Maddison’s new single, ‘Younger Brothers’ (still unreleased but available on YouTube) references the boys waiting for her to get home from school so they could play. In true hockey-sister fashion, she took her turn in net.
“The boys would try to get me to come down to the basement and play goalie,” she says. “I’m not really clueing in to what that entailed… no equipment at all and they start slap-shotting. Well, that game went really quick and I was crying up the stairs.”
It’s the laughter, not the tears, that’s oh-so-familiar to the Krebs household, though.
“We’re all goofballs and it’s usually a lot of laughing at our house and keeping it light,” Maddison says. “If you’re at our house, you’re definitely going to see the dance floor heating up, the music is on in the kitchen and somebody’s pulling out some moves.”
That scene might paint a contrast to the unassuming, quiet confidence Peyton exemplifies on the ice. But Greg says Peyton, Dakota and Dru were enrolled in hip-hop classes at one point. “If you get the music going, Peyton is quite the dancer,” he laughs, knowing he’s said too much.
“It’s interesting because I see the boys [at the rink] and they’re very focused, which in that space is totally appropriate,” Maddison adds, “but once they get home, they’re very care-free and having fun with all of us.”
The Krebs family certainly lived up to its ‘Don’t be boring’ mantra in its pre-game rally video ahead of Canada’s preliminary-round game against Slovakia on Dec. 27.
In a house of infinite support and one-in-a-million dreams, it goes without saying the close-knit group draws on one another.
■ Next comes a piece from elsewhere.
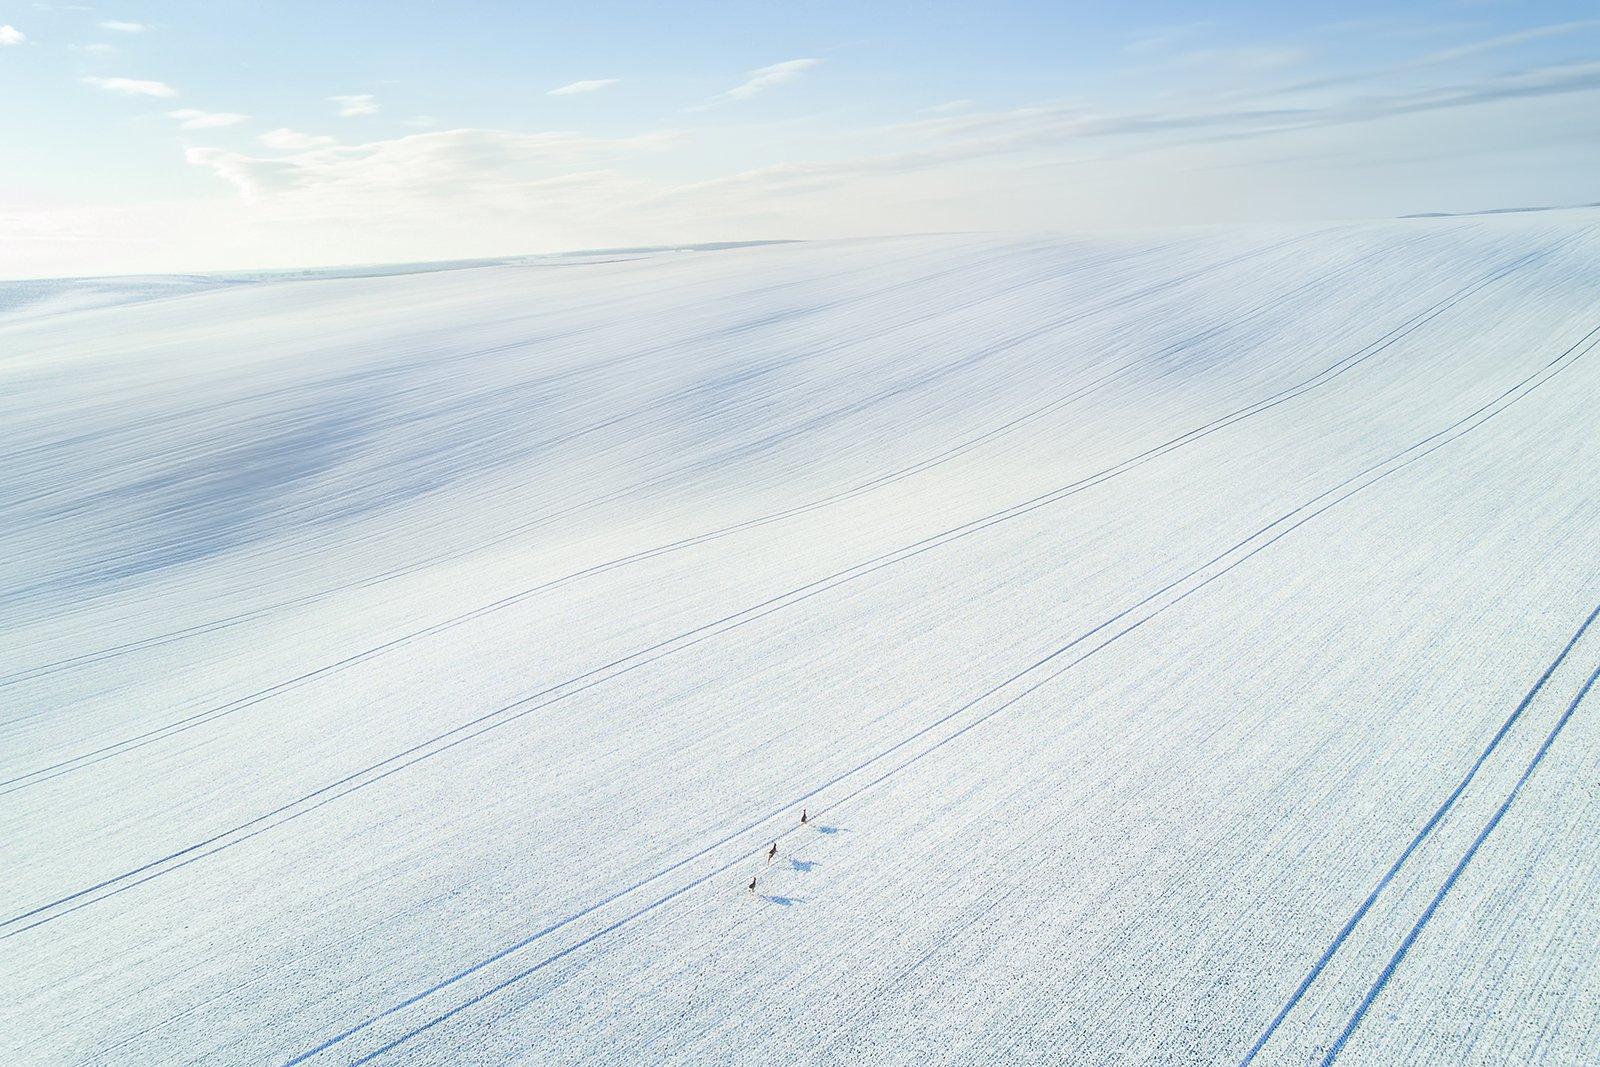 моравия, чехия, зима, Василий Яковлев

Peyton and his brothers look up to Maddison’s drive and her work ethic, pulling from her persistence in the tough music world.
For a proud big sister, it’s discipline she learns from her hockey-playing brothers.
“I think that’s part of being a hockey player; you have to be disciplined, you have to do all the behind-the-scenes things, the preparation that people don’t see… all the hours they put into working out, waking up every morning, eating a great meal and practicing, consistently working at their craft.”
She admires and points to Peyton and the preparation he has put into the World Juniors.
“They are always pushing me to carpe diem, seize the day, do all that you can to prepare for the big moments. For Peyton, all the work that went in will reflect and now he can just enjoy his experience. It’s really cool to see.”
Musical talent and athletic prowess make for a well-rounded household. While Maddison laughs at her athletic ability, Peyton is quick to insist she’s no pushover on the ice. “She can still skate really well,” he says. “Last Christmas she threw on the jets and was wheeling around. She’s got a natural ability, for sure.”
Another listen to ‘Younger Brothers’ reflects the siblings’ special bond and the moments that forged it:
Backyard ice and hockey skates
First snowfall and rosy cheeks
Round and round and round in figure 8s
Then the world slowed down
Nothing else matters now
Thank God for my mother
Thank God for my father
For giving this older sister
While Peyton works towards a gold medal with Team Canada before lacing up for his rookie NHL season with the Vegas Golden Knights, his sister is working to put the finishing touches on her record for release this year.
“Being an older sister is the best,” Maddison says. “I love hanging out with my brothers and I love cheering them on. I really hope by the spring people can start seeing one another again and people can be in the stands and all the things, crossing our fingers.”